On a jamais délaissé la jeunesse et on aime bien l'observer, tenter de la comprendre et par une approche non pas tant originale, mais exécutée de façon quasi-exemplaire, À l'ouest de Pluton se laisse savourer avec admiration.
Côté cinéma-vérité débordant sur la fiction (ou le contraire selon comment on aime bien le voir) il est difficile de faire mieux. Fictive cette histoire? On a du mal à départager le vrai du faux. Tout est si réaliste, si cru, si beau, si vrai. Campés par des inconnus et des jeunes qui se donnent tel qu'ils sont, on a l'impression d'assister à l'observation quotidienne de ces adultes à en devenir.
Rien de bien extraordinaire dans ce film. Le scénario n'est pas banal, il est ordinaire, mais c'est la profondeur réaliste qui donne tout. Après tout ce n'est que la chronique d'un 24h, un simple 24h alors qu'en réalité il y en a aurait tellement plus à raconter. Cependant tout en restant vaste, on se concentre sur certains points bien précis, évitant ainsi de se perdre ou de désintéresser trop facilement. Belle réussite de ce côté. Il est facile de se perdre dans des chemins moins intéressants ou de trop dans ce genre de films et ça ne se produit presque pas ici.
J'y ai réfléchi et je ne sais pas à quel moment il est mieux d'écouter ce film. Serait-il préférable de l'écouter étant jeune face à ce qui s'en vient?

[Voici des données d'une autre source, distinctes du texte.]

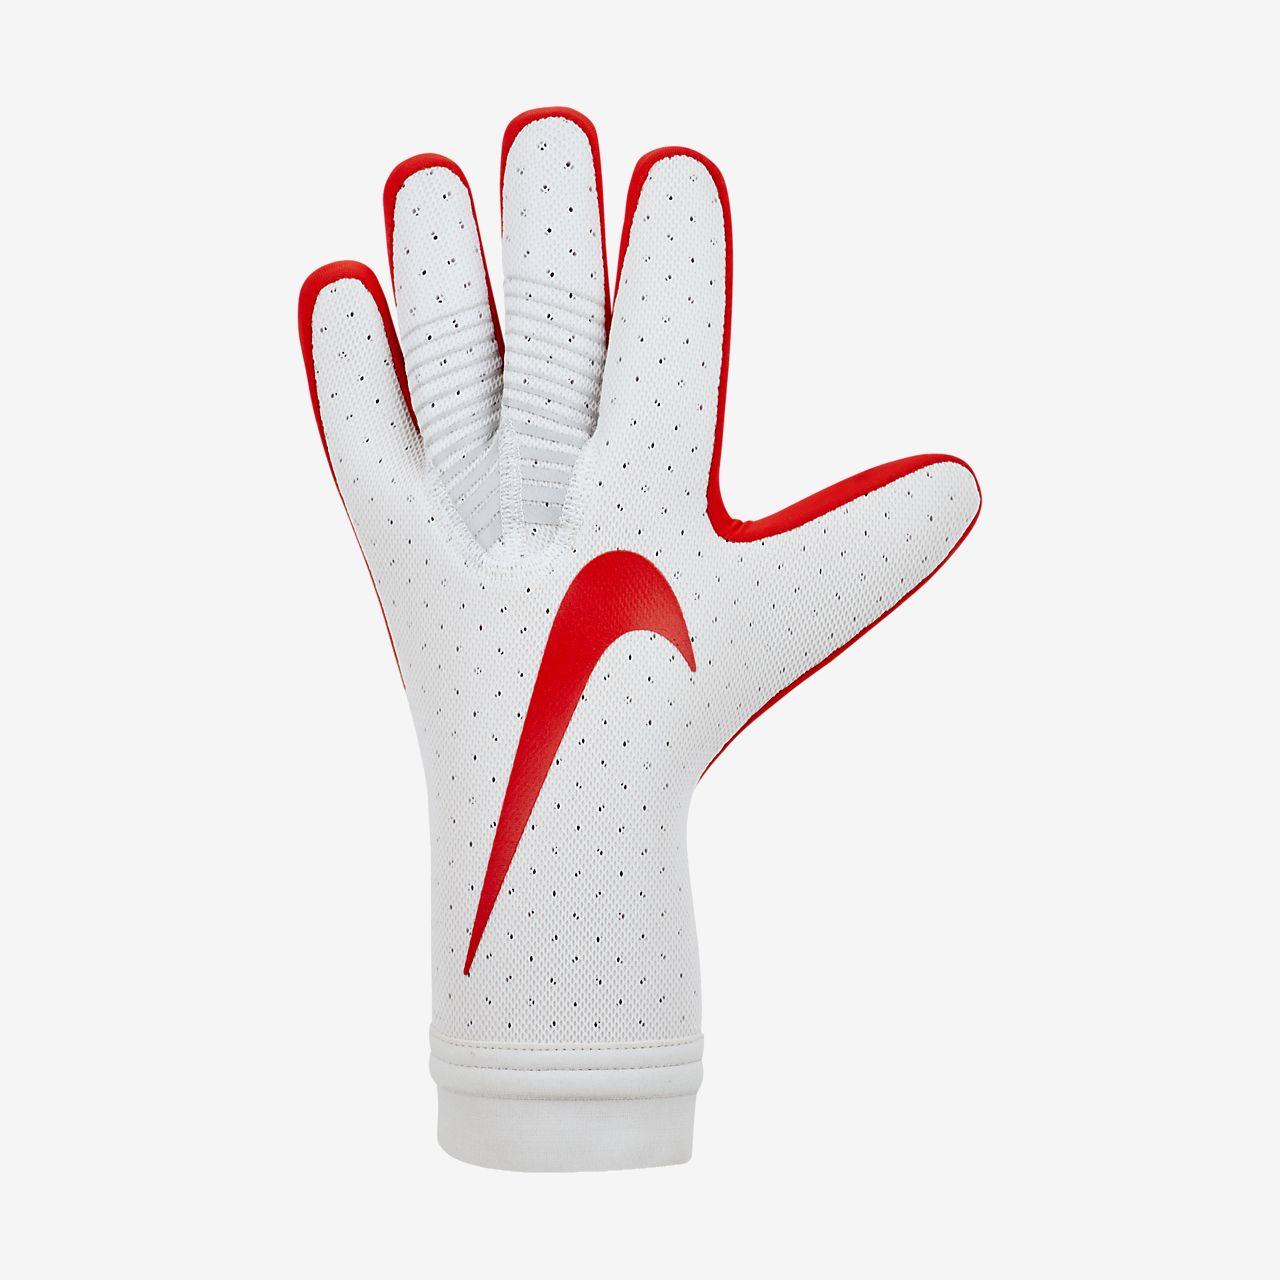 c9e0c5c20 Guantes de fútbol Nike Goalkeeper Touch Elite. Nike.com CL

De le voir en pleine adolescence et de s'y retrouver? Vers la fin de l'adolescence pour s'y reconnaître et ensuite s'en éloigner? (Je me situe dans cette catégorie d'ailleurs) À la fin de l'adolescence pour se remémorer? Étant adultes, étant parents? Je ne sais pas vraiment. Ce qui est sûr c'est que ce qu'on en pensera changera du tout au tout.
C'est d'ailleurs ce qui est beau avec le film. On expose, on lance des pistes, mais on ne les dirige pas. Les adolescents illustrés ici ne sont pas élogés, rabaissés, humiliés, réprimandés ou quoi que ce soit. On les laisse vivre et c'est tout. Doit-on être en accord avec ce qu'ils font? De quel côté doit-on se ranger? On ne nous le dit pas. Tout vient avec notre jugement personnel et c'est tant mieux.
En quelque part cette profondeur beaucoup plus libre et moins écrite qu'un certain Tout est parfait, le rend meilleur sur plusieurs points. Le traitement quelque peu documentaire et plus vaste le rend aussi plus fascinant qu'un certain Entre les murs, bien que ce dernier malgré un relâchement va sa fin n‘en est pas moins excellent et fort efficace. (Tout ceci selon mon propre avis évidemment). Et après tout, vous y lisez l'avis d'un presque plus adolescent qui s'y est reconnu, qui y a frissonné et qui a savouré presque chaque parcelle de ce film aux détours imprévisibles.
C'est beau, touchant et c'est là. Simplement là. Et c'est ce qui fait la beauté de la chose. Comment ne pas sourire avec nostalgie avec tout ce parallèle planétaire, un peu comme si on nous confinait dans cette galaxie éloignée pourtant si près de nous, mais qu'on semble connaitre encore moins que les étoiles elles-mêmes.. Fortement recommandé.
4/5 Jschartrand
BERNADET, Henry et VERREAULT, Myriam. À l’ouest de Pluton, son, couleurs, Québec, 2008.